In this notebook, we're going to talk about the importance of time-series data and why we need to special tools to work with it.

# Important: Run this code cell each time you start a new session!

In [None]:
!pip install numpy
!pip install pandas
!pip install matplotlib
!pip install os
import numpy as np
import pandas as pd
import matplotlib.pyplot as plt
import os

In [None]:
!wget -Ncnp https://physionet.org/files/accelerometry-walk-climb-drive/1.0.0/raw_accelerometry_data/id00b70b13.csv

In [None]:
df = pd.read_csv('id00b70b13.csv')

# Filter to only walking activity, which is given a code of 1
df = df[df['activity'] == 1]

# Process the time
df.rename(columns={'time_s': 'Time'}, inplace=True)
df = df[(df['Time']>=700) & (df['Time']<=710)]
df['Time'] = df['Time'] - df['Time'].min()

# Process the accel
df['Accel'] = np.sqrt(df['la_x']**2 + df['la_y']**2 + df['la_z']**2)*9.8

# Keep only crucial columns
keep_cols = ['Time', 'Accel']
df = df[keep_cols]
df.to_csv('walking.csv',index=False)

# What Is Time-Series Data?

Time-series data is a type of data where measurements or observations are recorded over time. Ideally, this data is collected at a regular interval (e.g., every minute, hour, or day), but time-series data can describe the occurrence of sporadic events.

Time-series data can be used to represent phenomena ranging from physiological signals to public health trends. For example, electrocardiogram (ECG) readings provide time-series data of heart activity and can be used to detect irregular heartbeats. Blood glucose levels in diabetic patients can also be monitored over time to manage their treatment regimen and prevent complications. Moreover, time-series data for diseases like COVID-19 can be used to forecast disease spread and predict outbreaks.

Time-series data is essentially a special form of tabular data that has two columns: one corresponding to time and another corresponding to the measurement value. Note that with `pandas`, we could technically store time-series data in a `Series` with time as an index; however, we will generally stick with `DataFrames` for the sake of making it clear how the data is being manipulated.

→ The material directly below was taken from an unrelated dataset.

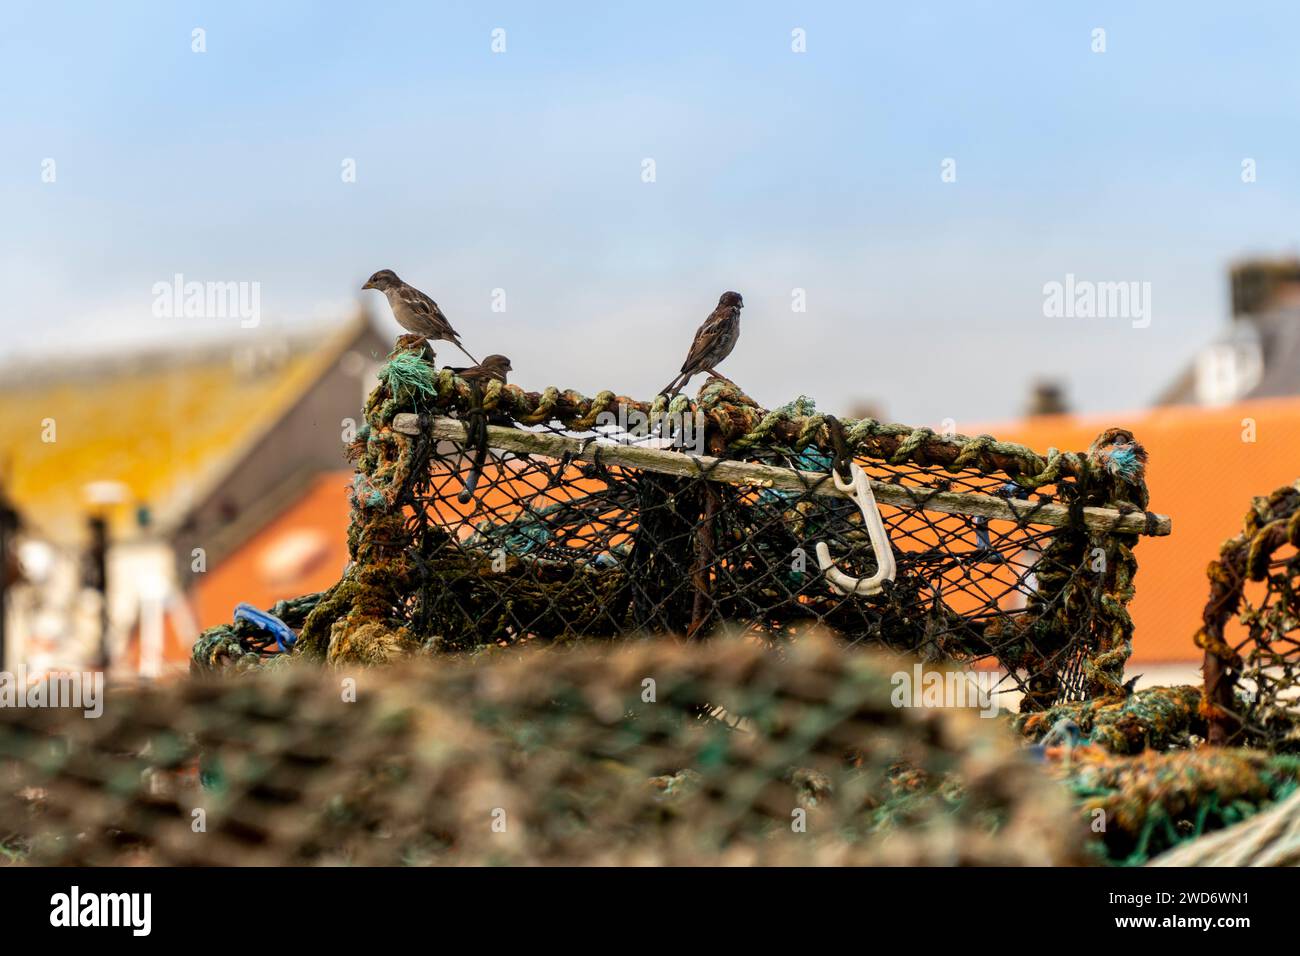 Die beiden Vögel saßen auf einem Kettennetz neben Seilen Stockfoto

Let's take a look at a time-varying signal showing the values reported by a motion sensor mounted on someone's ankle while they were walking:

In [None]:
df = pd.read_csv('walking.csv')
df.head(10) # df.iloc[:10]

In [None]:
plt.figure(figsize=(5,3))
plt.plot(df['Time'], df['Accel'])
plt.xlabel('Time (s)')
plt.ylabel('Accelerometer (m/s^2)')
plt.show()

With tabular data, rows are typically used to represent independent observations or instances of data, and columns are typically used to represent distinct characteristics of those instances. Time-series data, on the other hand, describes a chronological sequences of information, so the rows and columns specifically structured for that purpose.

# Why Do We Need Something Fancy?

The signal we just visualized is not all too different from the data that is collected by fitness trackers like Fitbits or Apple Watches. One of the most common algorithms used in most fitness trackers involves trying to find peaks in the data, as that is one of the most straightforward ways to count steps.

Conceptually, we are looking for really large values along the y-axis of our graph. Using what we know about operations on `pandas` data structures, this is one way to find a really large value in the sequence:

In [None]:
# Find the maximum point along with its timestamp
max_val_idx = df['Accel'].argmax()
max_val_time = df['Time'].iloc[max_val_idx]
max_val = df['Accel'].iloc[max_val_idx]

In [None]:
plt.figure(figsize=(5,3))
plt.plot(df['Time'], df['Accel'])
plt.plot(max_val_time, max_val, 'r*')
plt.xlabel('Time (s)')
plt.ylabel('Accelerometer (m/s^2)')
plt.show()

However, this only gets use the location of the *highest peak*. How would we get other ones? We could come up with multiple variations of this approach (e.g., find the highest $N$ points, find all points above a threshold), but all of these variations have their own problems.

The real issue is that we are processing all of the time-series data at once — taking a lot of rich information and distilling it into a couple of numbers. What we really need is an approach that will allow us to process a little bit of time-series data at a time and then combine that information later.

# Summary

Over the next two sessions, we will cover some basic concepts in digital signal processing (DSP) that will help us manipulate and summarize time-series data.